Apple on Wednesday announced a major change to its App Store policies, which will allow ‘reader apps’ to include a link to their own website to let users manage their accounts and even pay directly for subscriptions. This comes at a time when Apple is facing class actions suits for its mandatory cut on developer earnings.
Apple said it was making the change as part of the conclusion of an investigation by the Japan Fair Trade Commission (JFTC). Under Apple’s agreement with the JFTC, developers of ‘reader apps’ would be allowed to include in-app links to their websites for users to set up or manage an account. Apple says while the agreement was with the JFTC, it was implementing the policy globally.
In a statement, Apple has clarified that ‘reader apps’ includes all apps that provide previously purchased content or content subscriptions for digital magazines, newspapers, books, audio, music, and video. This means apps such as Netflix, Spotify, etc will be covered as well. Apart from being able to include an in-app link for users to purchase a paid account, developers can also avoid the 15-30% developer commission that Apple charges them.
When this policy comes into effect in early 2022, developers will have the ability to skip payments via the App Store and thus can avoid paying Apple a cut for all transactions.
Apple is however underlining how in-app purchases are still safer. “While in-app purchases through the App Store commerce system remain the safest and most trusted payment methods for users, Apple will also help developers of reader apps protect users when they link them to an external website to make purchases,” it said.
Also, while a Spotify can now let users set up their premium account from the iOS app itself without having to rely on Apple’s payment system, for gaming apps with options for in-app purchases, nothing really changes.
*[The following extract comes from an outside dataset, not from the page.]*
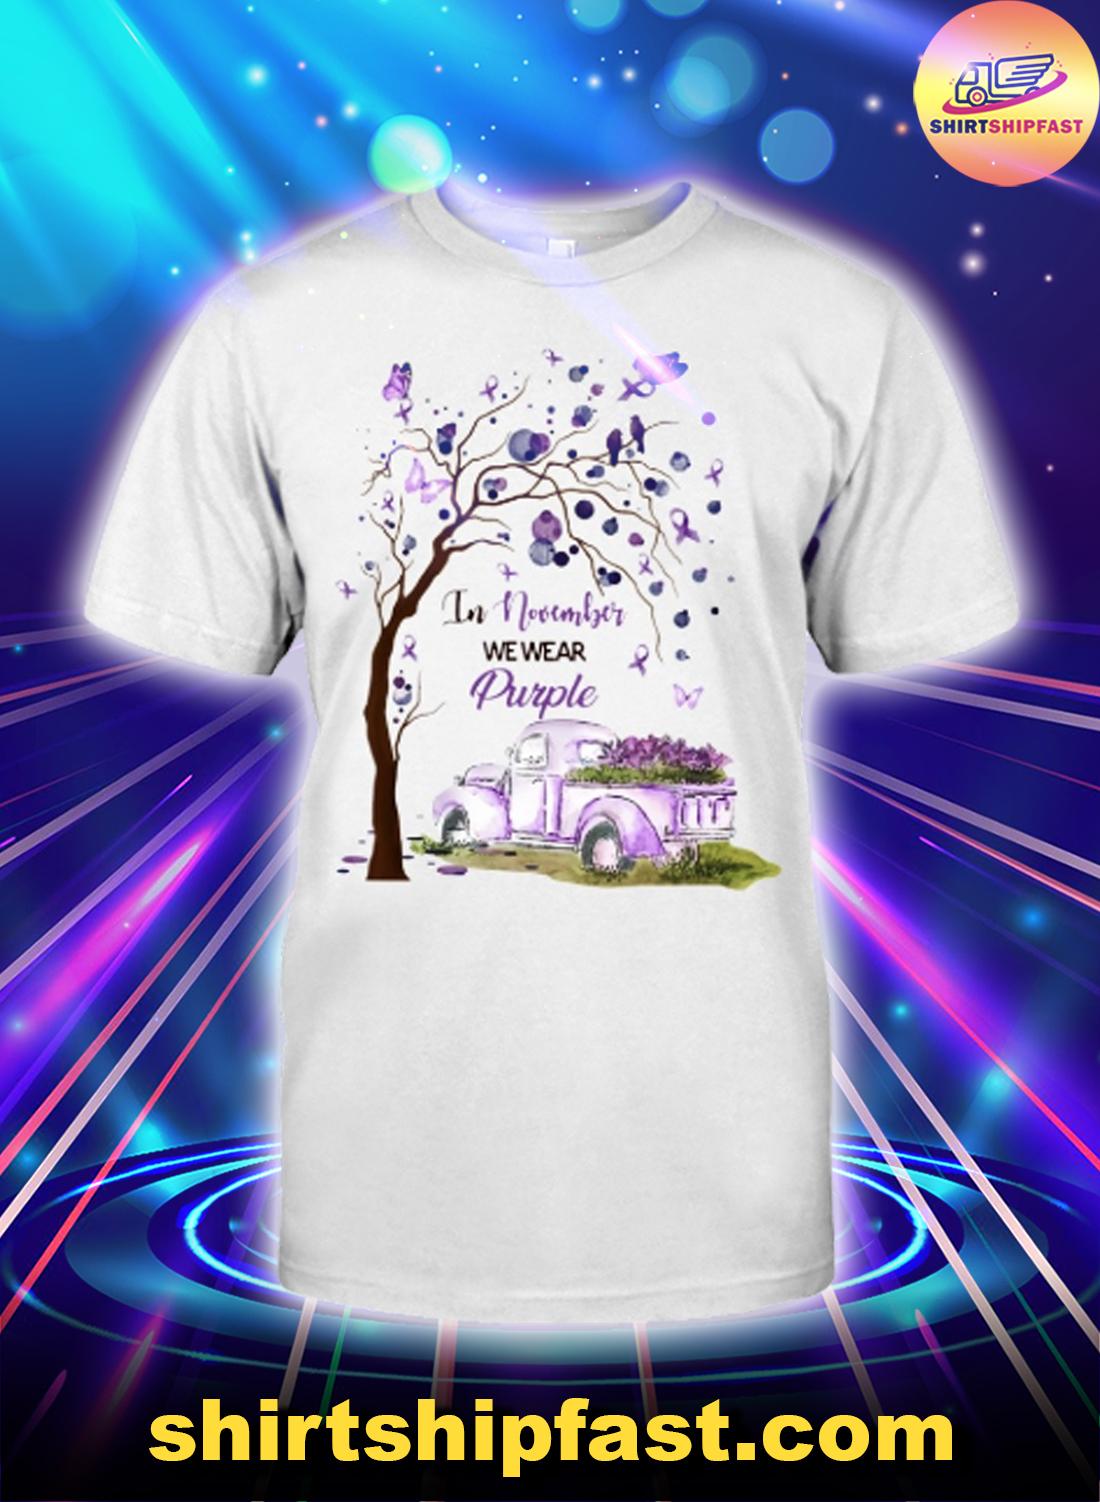 In-November-we-wear-purple-shirt
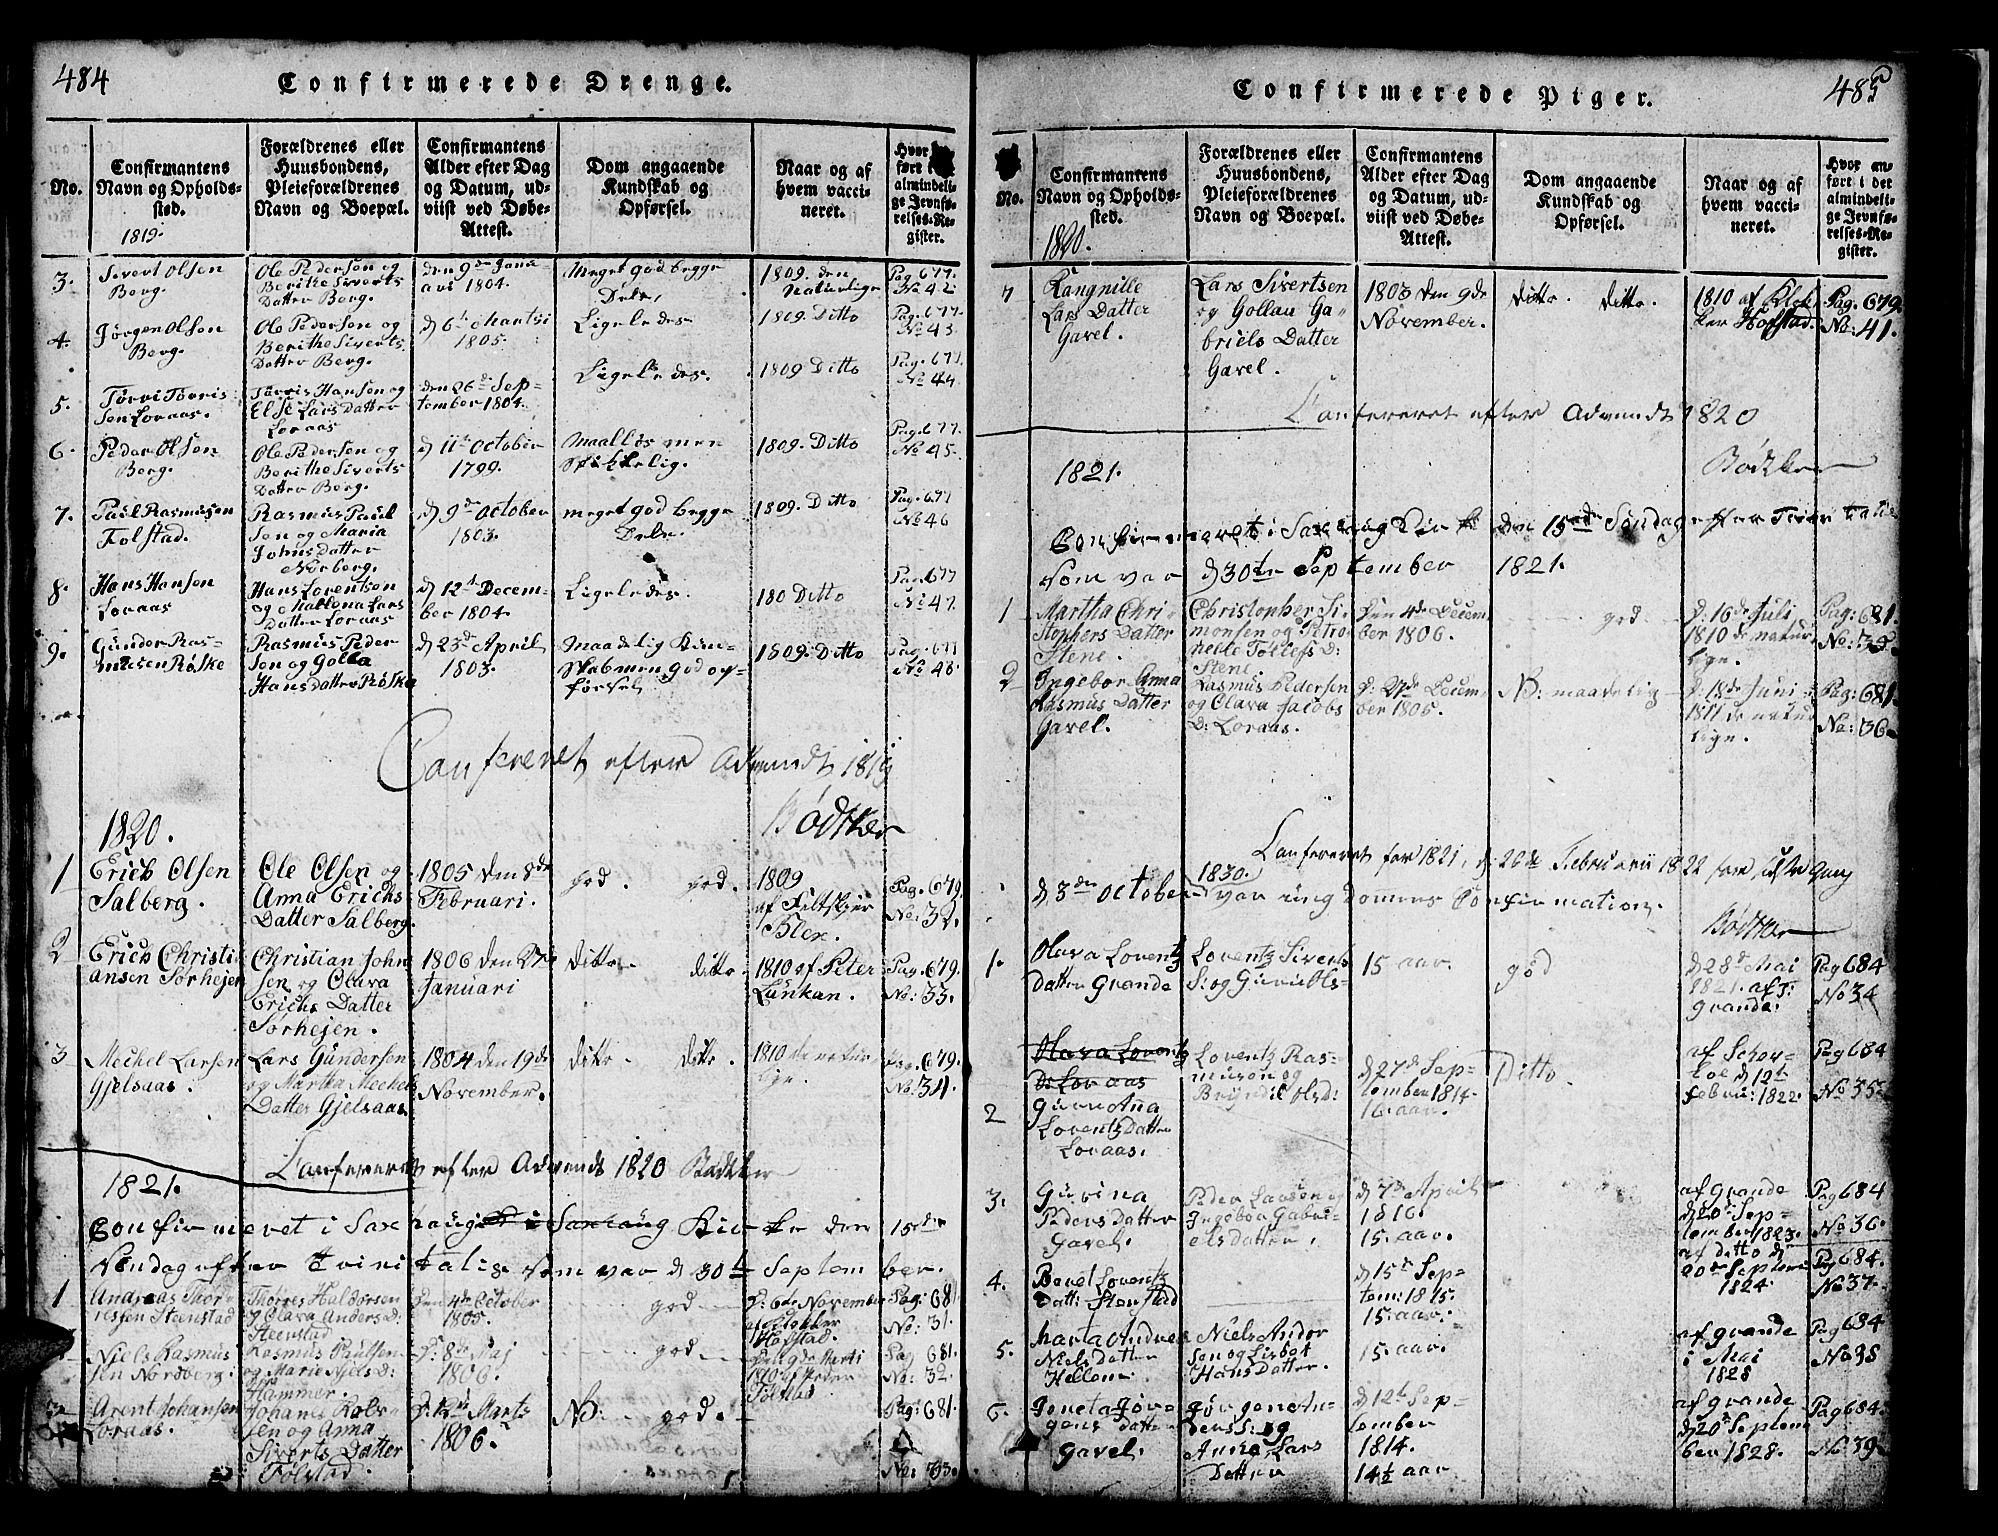 SAT, Ministerialprotokoller, klokkerbøker og fødselsregistre - Nord-Trøndelag, 731/L0310: Klokkerbok nr. 731C01, 1816-1874, s. 484-485

In-app purchases in all other kinds of apps will still need to rely on Apple’s payment systems and hence be subject to the cut.
To charge users, app developers currently need to use Apple’s payment system for which Apple exacts a 15-30% commission. Apps such as Spotify, Epic Games (creator of Fortnite) have for long called these rules unfair.
The new policy gives concessions to media companies, which can allow paying customers to set up accounts from the iOS app itself and have an option to bypass Apple’s payment systems. The new policy allows these apps to introduce a link to an outside payment system at the time of setting up the account.
Spotify’s CEO and founder Daniel Ek tweeted: “This is a step in the right direction, but it doesn’t solve the problem. App developers want clear, fair rules that apply to all apps. Our goal is to restore competition once and for all, not one arbitrary, self-serving step at a time. We will continue to push for a real solution.” Spotify has held that Apple’s 30% commission is unfair given the company’s own Apple Music app is not burdened by such a commission.
This is a step in the right direction, but it doesn’t solve the problem. App developers want clear, fair rules that apply to all apps. Our goal is to restore competition once and for all, not one arbitrary, self-serving step at a time. We will continue to push for a real solution https://t.co/vzIoBpZQr1
— Daniel Ek (@eldsjal) September 2, 2021
Tim Sweeney, the founder of Epic Games which is suing both Apple and Google over their payment practices, has called it a “special deal” for these reader apps. Epic Games’ popular game Fortnite was pulled from the App Store when the company implemented changes to add its own payment systems bypassing Apple’s in-app purchase system.
Sweeney wrote, “In Apple’s carefully-worded statement on safety, it’s hard to discern the rationale that this is safe while Fortnite accepting direct payments remains unsafe…”
In Apple’s carefully-worded statement on safety, it’s hard to discern the rationale that this is safe while Fortnite accepting direct payments remains unsafe.
Even more so if Apple deems Roblox, a game from 2006-2021 that became “an experience” mid-trial, a reader app.
— Tim Sweeney (@TimSweeneyEpic) September 2, 2021
Apple (as well as Google) has been under scrutiny from governments and regulators across the world on their policies around app developers and payments. In India too, app developers have called the 30% commission unfair. Paytm’s Vijay Shekhar Sharma has called it a lagaan (tax).
In a victory for app developers, South Korea this week passed a Bill that allows developers to select which payment systems they prefer for in-app purchases. This will effectively allow them to bypass the cut imposed by both Apple and Google. According to CNBC, an Apple spokesperson said the Bill “put users who purchase digital goods from other sources at risk of fraud, undermine their privacy protections, make it difficult to manage their purchases and features like ‘Ask to Buy’ and Parental Controls will become less effective”.
In India, the Competition Commission of India is probing an antitrust case filed against Apple by a non-profit based in Rajasthan over the 30% commission.